Beijing Key Laboratory for Pediatric Diseases of Otolaryngology, Head and Neck Surgery, Beijing Pediatric Research Institute, Beijing Children's Hospital, Capital Medical University, National Center for Children's Health, Beijing, China.

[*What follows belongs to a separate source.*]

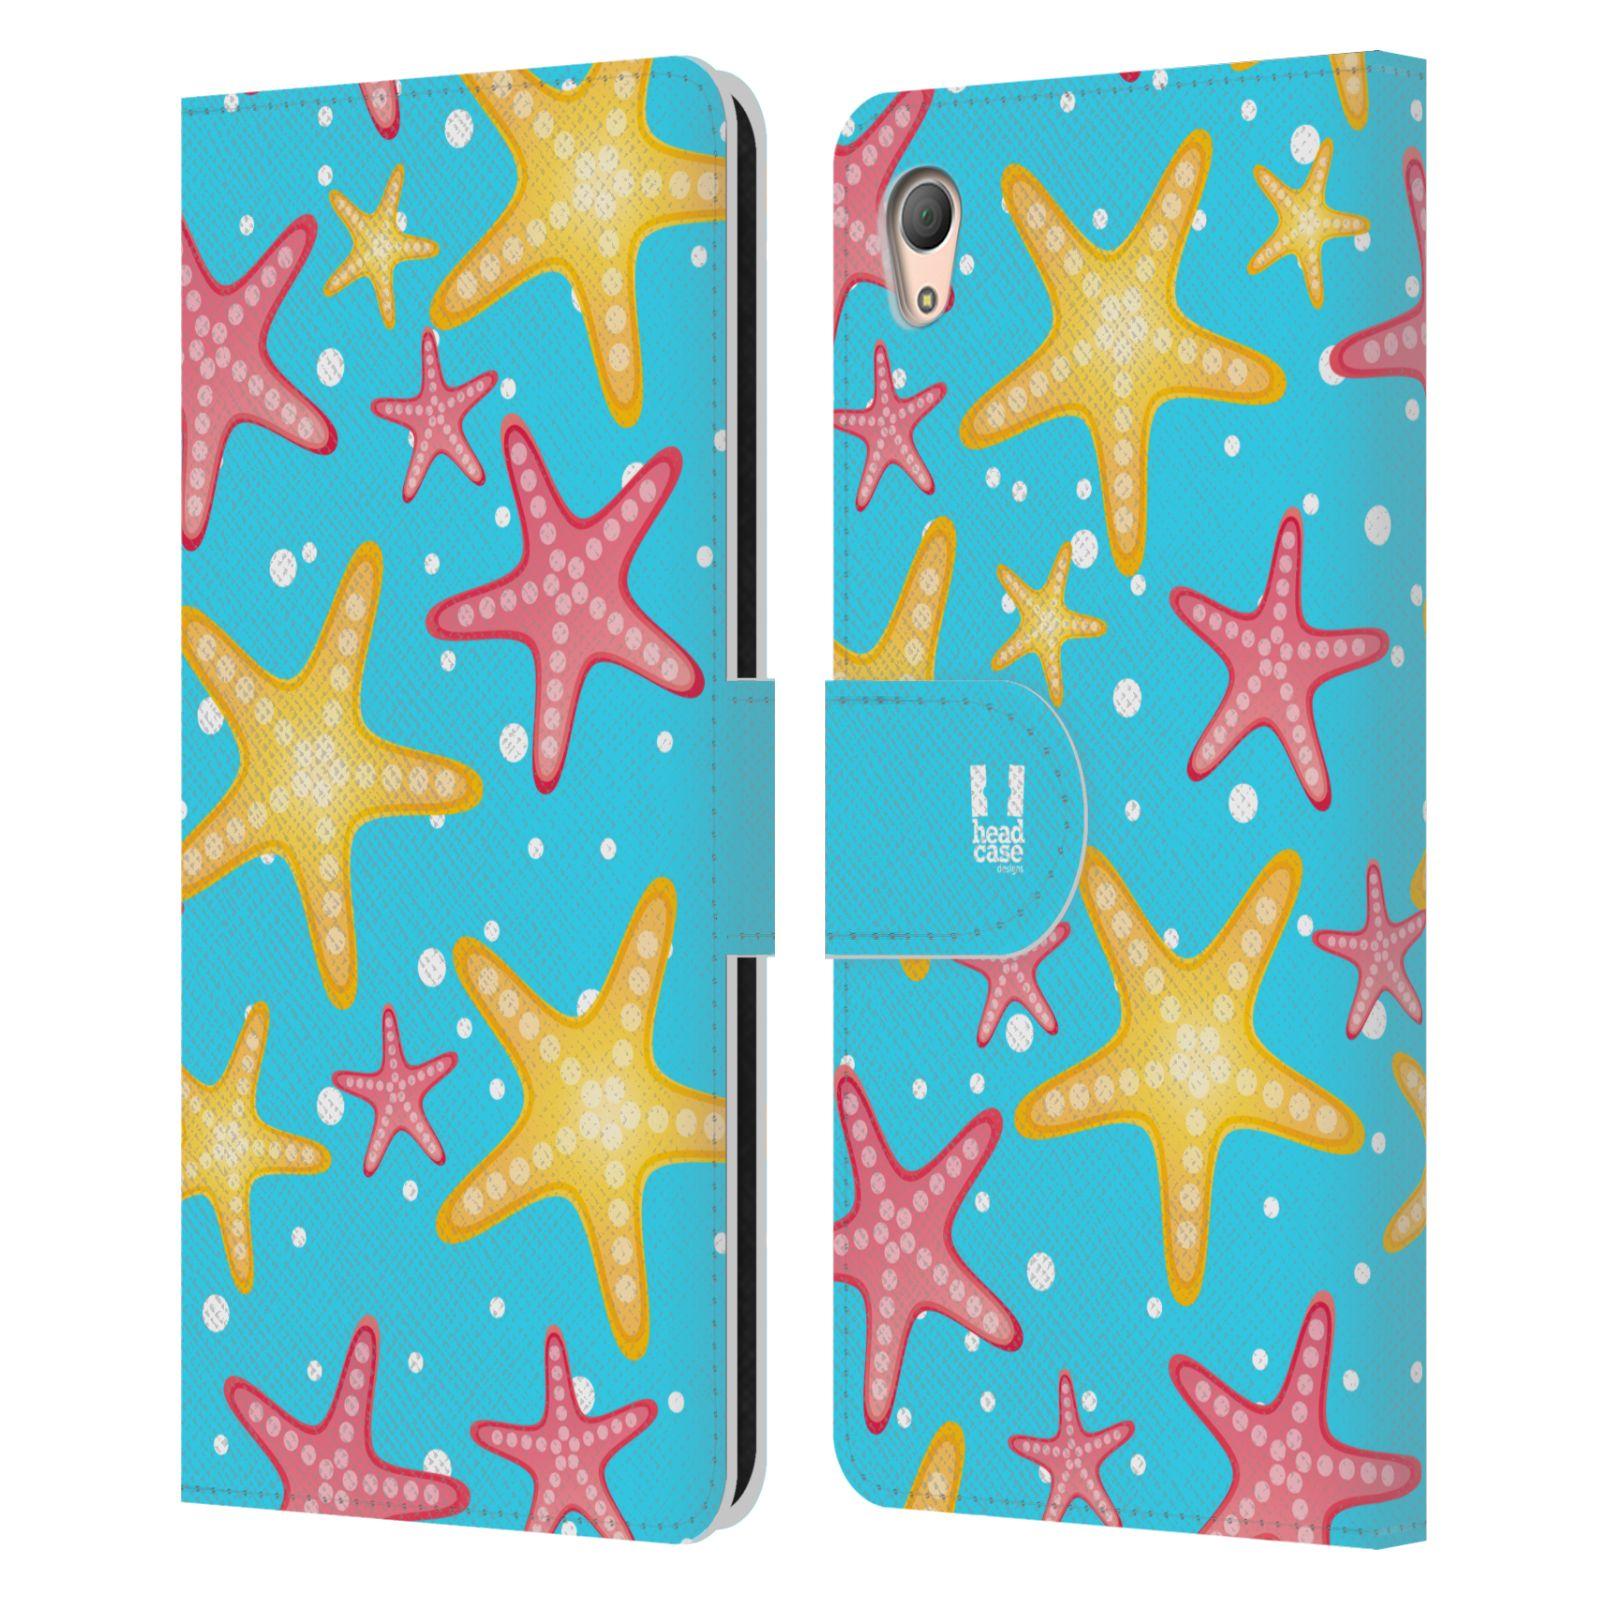 HEAD CASE Flipové pouzdro pro mobil SONY XPERIA Z3+ (PLUS) Mořský živočich hvězdice modrá barva pozadí

Key Laboratory of Major Diseases in Children, Ministry of Education, Beijing Children's Hospital, Capital Medical University, National Center for Children's Health, Beijing, China.

出版信息

Biomed Res Int. 2017;2017:5857369. doi: 10.1155/2017/5857369. Epub 2017 Dec 5.

Abstract

Drug resistance surveillance is crucial for control of drug-resistant tuberculosis (TB). However, limited data exists on the burden of drug-resistant TB in children. The goal of this work was to generate prevalence data regarding rifampicin- (RIF-) resistant childhood TB in northern China and to test the feasibility of Xpert for surveying pediatric TB drug resistance prevalence. We enrolled 362 clinically diagnosed childhood TB patients and collected sputum, gastric lavage aspirate (GLA), bronchoalveolar lavage fluid (BALF), and cerebral spinal fluid (CSF) samples. Xpert and solid culture were utilized to detect RIF resistance. The detection rate of Xpert-positive TB among new clinically diagnosed TB cases was 38.4% (139/362), significantly higher than that of solid culture-positive TB (16.3%, 59/362, < 0.01). Notably, Xpert-positive rates differed significantly by sample type, with the highest positive rate for GLA (51.2%). The unit testing costs per RIF-resistant TB patient were $828.41 for solid culture and $761.86 for Xpert. Our data demonstrate that the prevalence of RIF resistance among childhood TB cases in our study (6.9%) is comparable to the national RIF resistance prevalence level of new cases (6.7%). In addition, Xpert is superior to the solid culture for RIF resistance survey in the childhood TB patients.

摘要

耐药监测对于耐药结核病(TB)的控制至关重要。然而,儿童耐药结核病的负担数据有限。这项工作的目的是生成关于中国北方儿童利福平(RIF)耐药性结核病患病率的数据,并检验 Xpert 用于调查儿科 TB 药物耐药性患病率的可行性。我们纳入了 362 例临床诊断为儿童结核病的患者,并收集了痰、胃液抽吸物(GLA)、支气管肺泡灌洗液(BALF)和脑脊液(CSF)样本。使用 Xpert 和固体培养来检测 RIF 耐药性。新临床诊断的结核病病例中,Xpert 阳性结核病的检出率为 38.4%(139/362),明显高于固体培养阳性结核病(16.3%,59/362)(<0.01)。值得注意的是,Xpert 的阳性率按样本类型显著不同,GLA 的阳性率最高(51.2%)。每例 RIF 耐药性结核病患者的单位检测成本,固体培养为 828.41 美元,Xpert 为 761.86 美元。我们的数据表明,本研究中儿童结核病病例的 RIF 耐药率(6.9%)与新发病例的全国 RIF 耐药率(6.7%)相当。此外,Xpert 对于儿童结核病患者的 RIF 耐药性调查优于固体培养。